Output the data below exactly as it is, dropping the pictures from your copy.

===== SUPPLIED INFORMATION =====

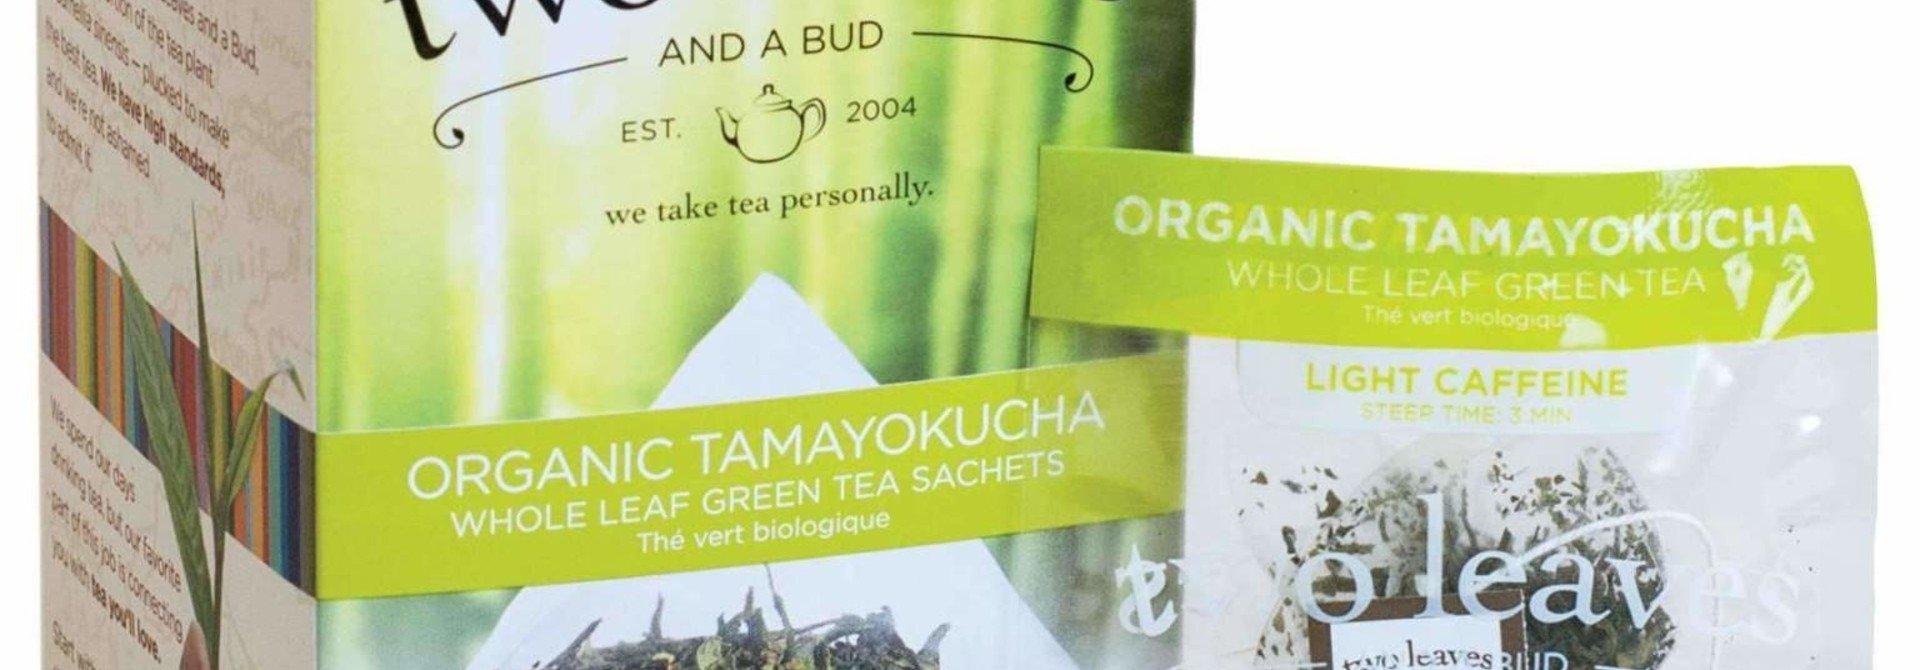 Two Leaves and a bud-Organic Tamayokucha Whole leaf green tea sachets
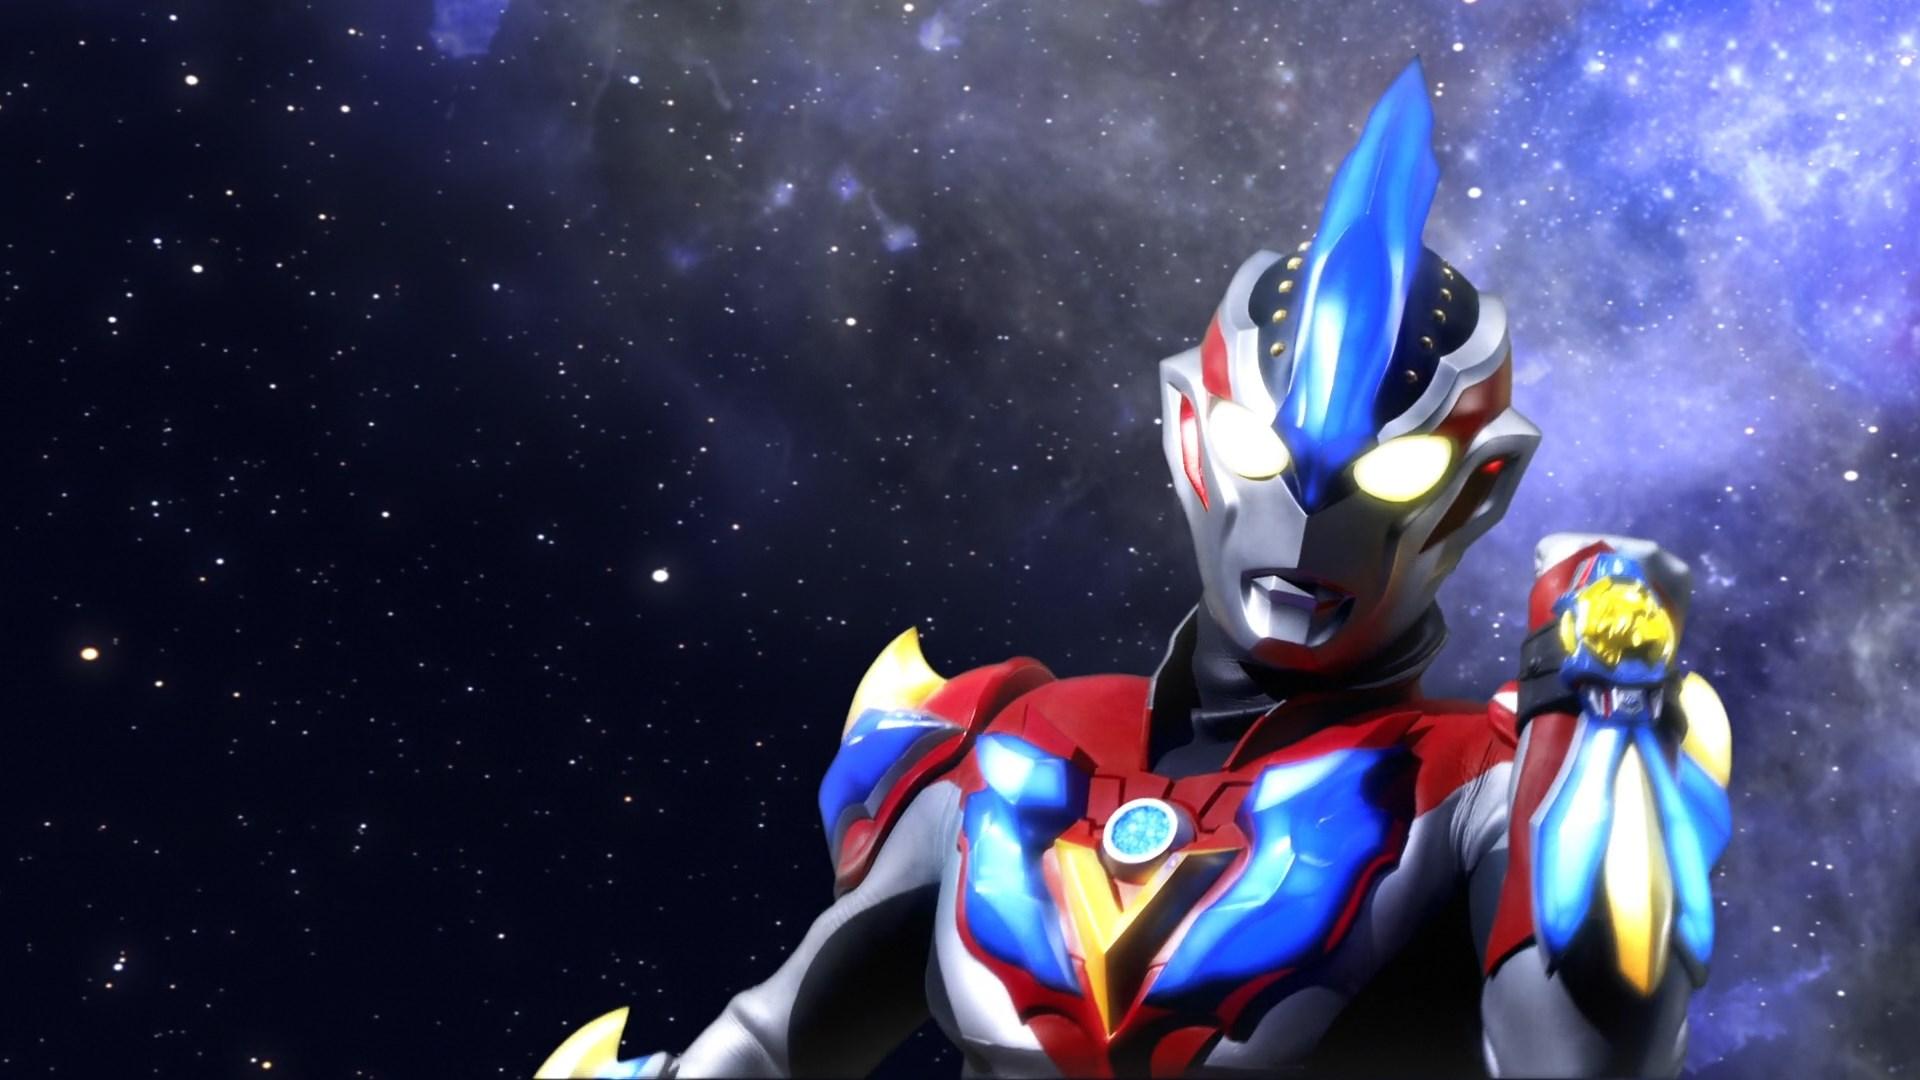 Msubs Ultraman Ginga S Showdown The 10 Ultra Warriors 1080 5a0b1b3c Mkv Snapshot 00 55 57 2016 07 24 12 21 19
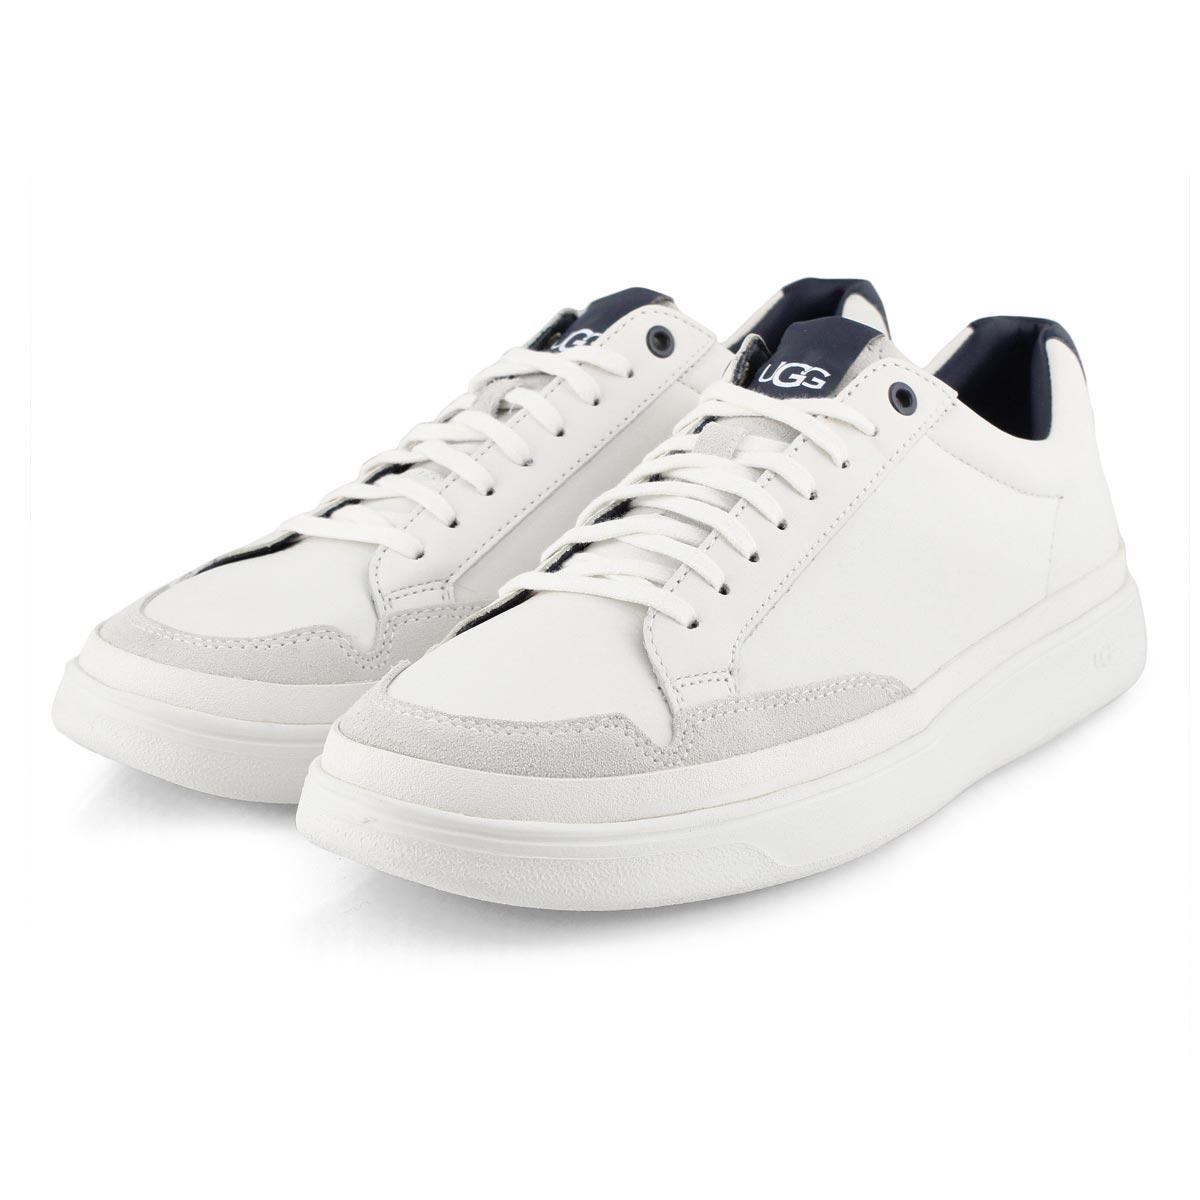 Mns South Bay white lace up sneaker

=====

* [TASK ANSWER]:
 Two Leaves and a bud-Organic Tamayokucha Whole leaf green tea sachets
 Msubs Ultraman Ginga S Showdown The 10 Ultra Warriors 1080 5a0b1b3c Mkv Snapshot 00 55 57 2016 07 24 12 21 19
 Mns South Bay white lace up sneaker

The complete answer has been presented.